At a moment like this, Larry brings to the table exactly what is needed. And you'd think that critics would give him a chance. After all, they've criticized President Trump for lack of humility. Kudlow is a man in recovery, who completely owns up to his addiction of a quarter century ago, and talks the classic language of recovery, handing over his life to a higher power, submitting himself to the will of God, and fessing up to past mistakes. That's exactly the sort of thing which critics say they want from President Trump, but when he hires someone who exemplifies those qualities, they turn on the sarcasm.
I recently talked about that topic on Townhall Review:
Larry Kudlow has been subject to unending attacks from the mainstream media since being announced as Trump’s chief economic advisor.
Kudlow is a devout Catholic who credits God for getting him through his years of substance abuse.
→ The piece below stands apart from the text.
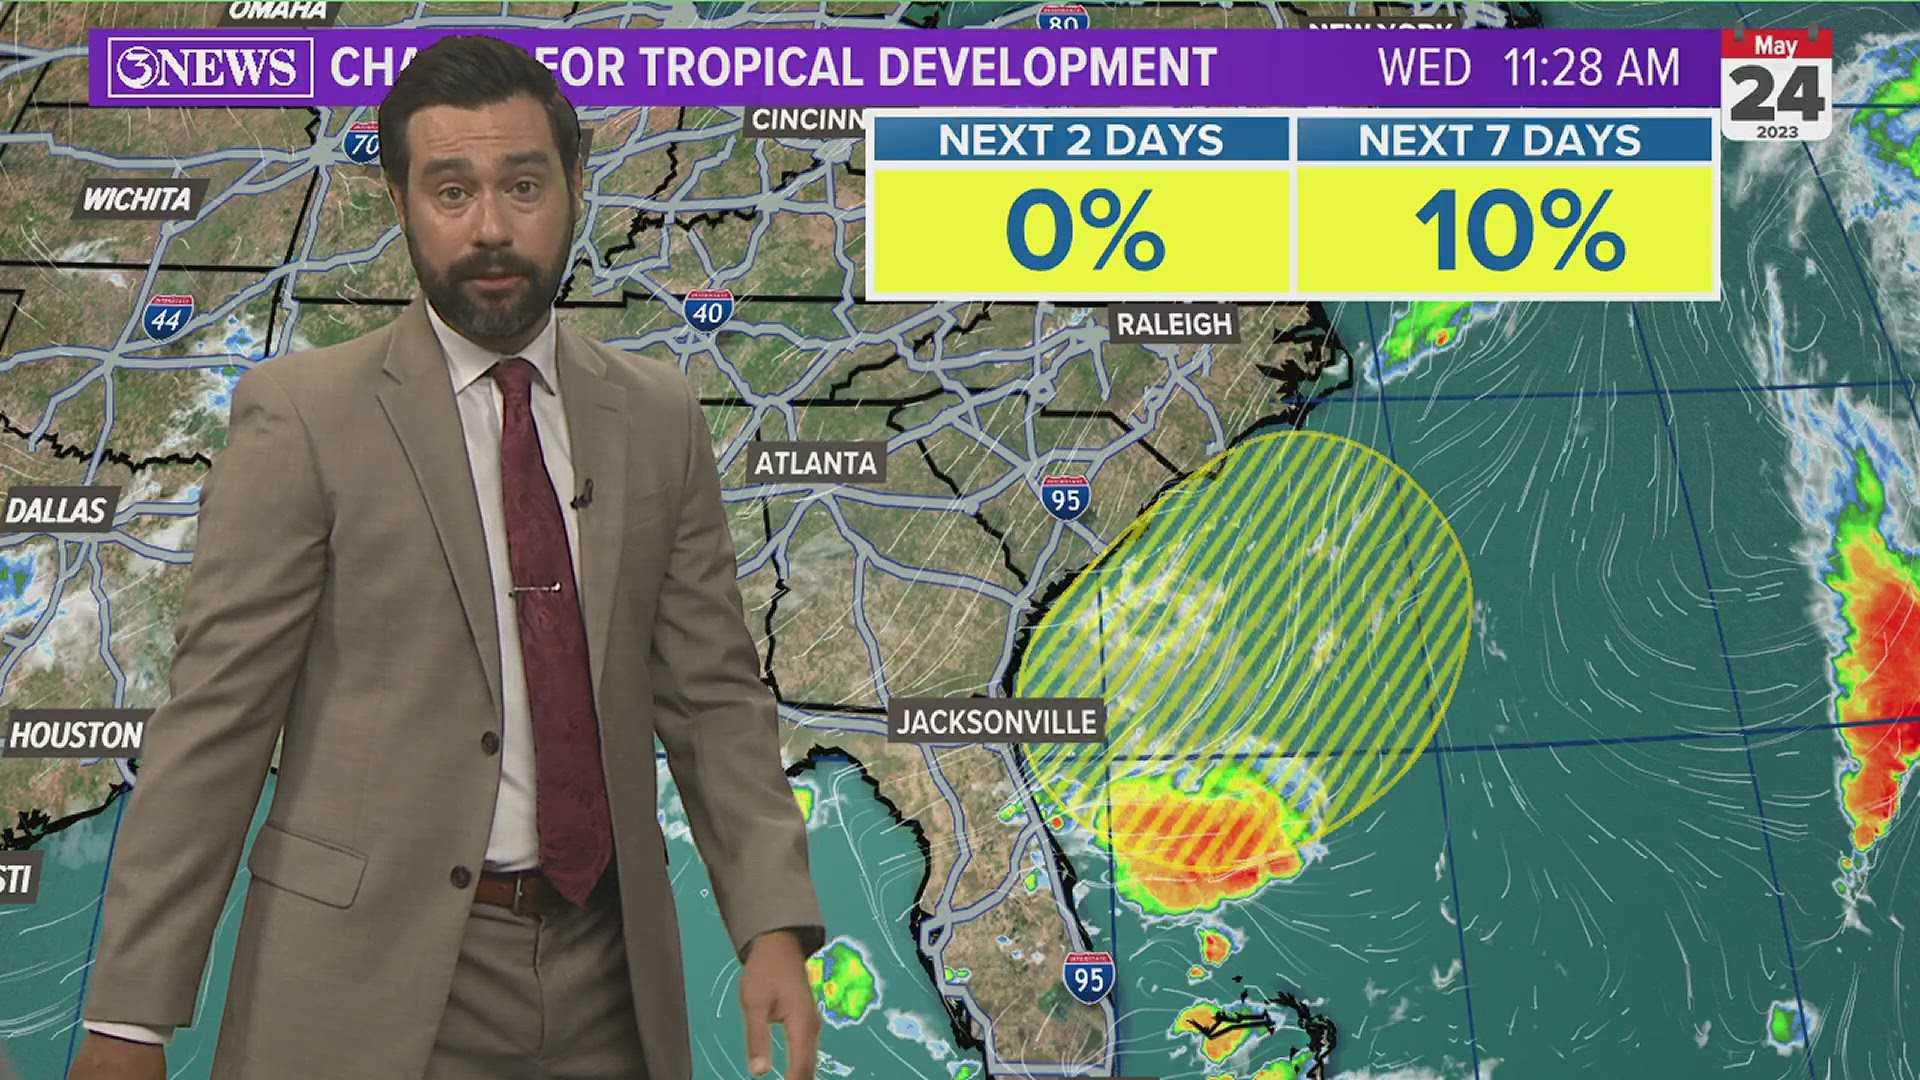 There is a low (10%) chance for tropical development near the Carolinas over Memorial Day Weekend

On CNBC, Kudlow said that whatever might happen during his tenure as Trump’s advisor, it would be the will of God. This sentiment isn’t actually controversial, but on their MSNBC show, Ali Velshi and Stephanie Ruhle found it worthy of incredulous laughter and snide sarcasm.
Velshi used to work for Al Jazeera—if someone there had said 'inshallah' (God’s will) no one at MSNBC would have dreamed of treating them with such contempt!
Kudlow is a fine conservative economist and will serve the president well.
And his faith should be off limits.
The bottom line is that looking for grace and throwing oneself upon God's will is pretty much as main-stream American as it comes. Lincoln comes to mind as a president who relied heavily on Providence. People who think that's weird reveal more about themselves than they do about their targets.
Will Rogers once joked that when someone asked him whether he ever prayed for Congress, he said, "No. I look at Congress and I pray for the American people." Might I suggest that in this case we do both? Mr. Kudlow is up against a tough partisan environment and one of the most high-stakes economic situations we've seen in my lifetime. Instead of sarc, we should turn to sacred, and pray for Kudlow and the President. And maybe take a look at the media, and pray for the country.